The source of trouble

Opdivo's difficulties have certainly changed the immuno-oncology market, and a look at the source of those problems offers a hint to why Cuss left. When Opdivo fell short in a key trial in previously untreated lung cancer patients, the trial’s basic design took a chunk of the blame. In a bid for a big share of the non-small cell lung cancer market, Bristol-Myers pitted Opdivo against cancer in patients with PD-L1 expression of 5% or more, despite the fact that this type of checkpoint inhibitor works better in patients that test out with higher levels of the biomarker.

RELATED: BMS loses its lung cancer lead to Merck as Opdivo data come up short

It was a stretch: Merck & Co., by contrast, put its rival PD-1 med, Keytruda, through its paces in patients with a PD-L1 score of 50% or more. Keytruda succeeded; Opdivo didn’t. 

Bristol-Myers also raised eyebrows earlier this year when it said it wouldn't seek accelerated approval for that Opdivo-plus-Yervoy combo in lung cancer. Together, those two events created quite a turnabout for Bristol-Myers, which had been a furlong ahead in immuno-oncology. Opdivo sales growth last year handily outpaced Keytruda’s, and analysts had pegged its 2022 sales at $14 billion-plus, compared with $6 billion-odd for Keytruda.

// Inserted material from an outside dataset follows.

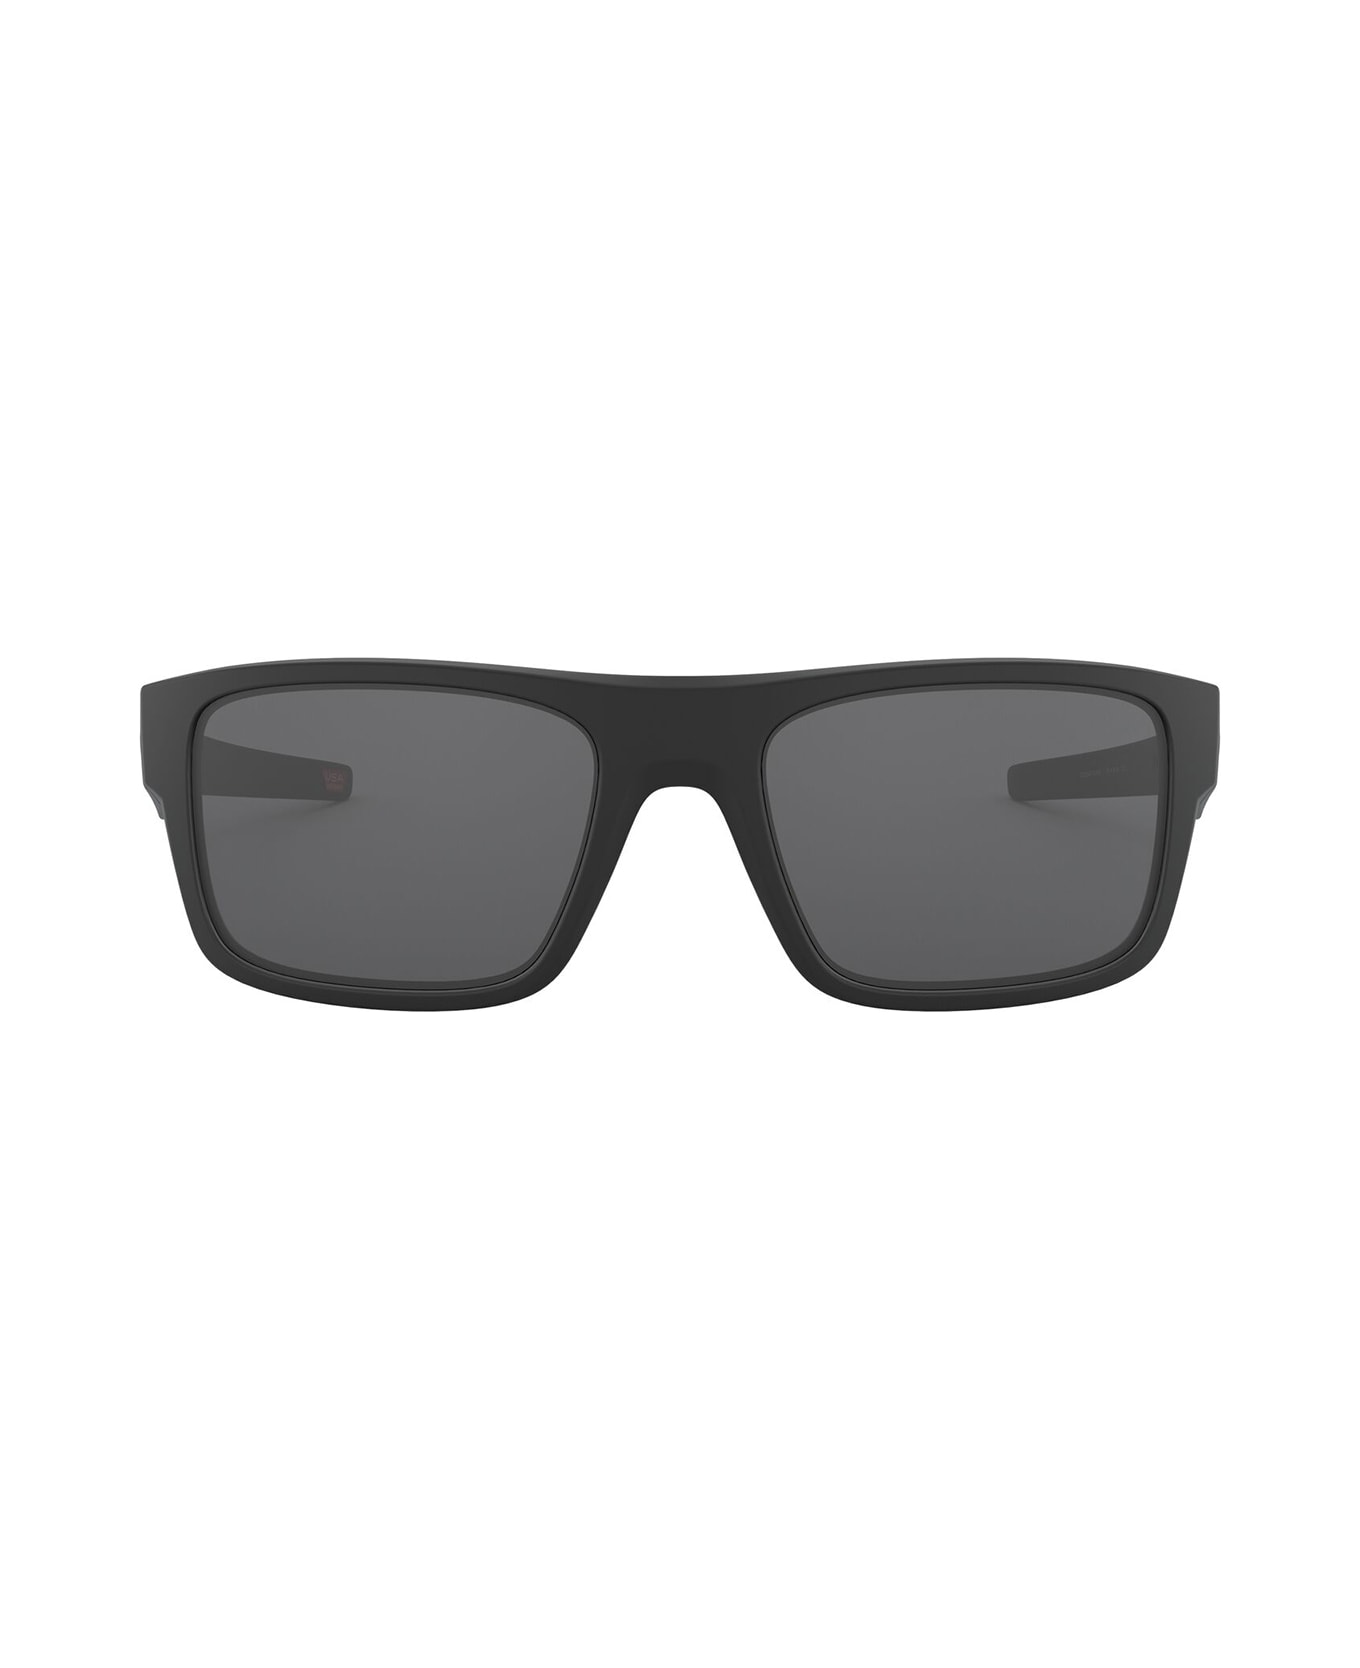 Oakley Oo9367 Matte Black Sunglasses - Matte Black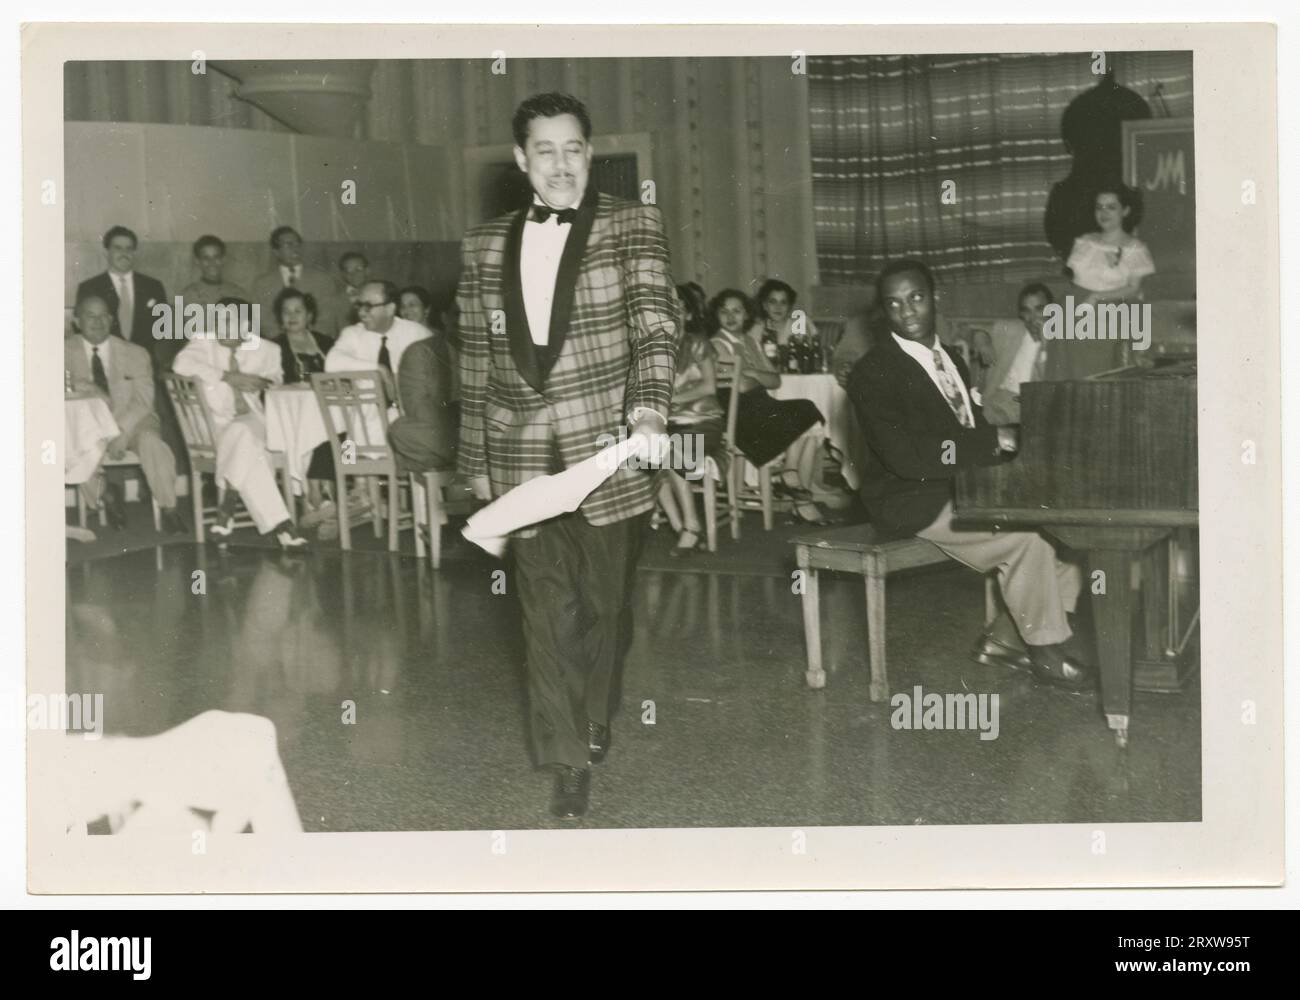 S & W-Foto von Cab Calloway, das tanzt, während ein Mann Klavier spielt. Calloway hält ein weißes Taschentuch in seiner PL-Hand und trägt eine karierte Anzugjacke mit dunkler Hose. Eine große Gruppe von Menschen sitzt an Tischen hinter Calloway. Ein gelber Haftnotiz auf der Rückseite des Fotos lautet [Hotel/National/in/Cuba]. Stockfoto

Meanwhile, new rivals have either hit the PD-1/PD-L1 scene (Roche’s Tecentriq) or are moving closer (AstraZeneca’s durvalumab, Merck KGaA and Pfizer’s avelumab). Opdivo’s setbacks have opened up prospects for those latecomers—particularly durvalumab, analysts say, and particularly given avelumab’s recent delay in lung cancer.

Roche’s Tecentriq, which made its U.S. debut last year in bladder cancer and has since won a second-line lung cancer nod, has its own ambitions, but the third-to-market med wasn’t expected to hobble Opdivo’s progress much. Potential newcomers from AstraZeneca on one hand, and Pfizer and Merck on the other, seemed even less of a threat.

The new guy

That’s all changed, and now, the makeup of Bristol-Myers’ management team has, too. All eyes in the immuno-oncology world will be on what Lynch does next. Judging by CEO Giovanni Caforio’s comments in announcing the switch, Bristol-Myers doesn’t plan to back off in lung cancer. Indeed, that was the only type of cancer Caforio specifically mentioned.

“Tom is an internationally recognized oncologist known for his leadership in the treatment of lung cancer and has made significant contributions to the field of targeted therapies throughout his career,” Caforio said in a statement.

And Lynch emphasize that experience as well: “Throughout my career, I have been devoted to advancing oncology research, with a particular focus on lung cancer,” he said in the same statement, going on to add, “We have a number of significant opportunities and are uniquely positioned to transform cancer care.”

Lynch will step down from Bristol-Myers’ board to take the CSO job. Cuss, who’s officially retiring, will stick around for three months as an adviser to help Lynch with the transition.

Editor's note: This story was updated with analyst comments.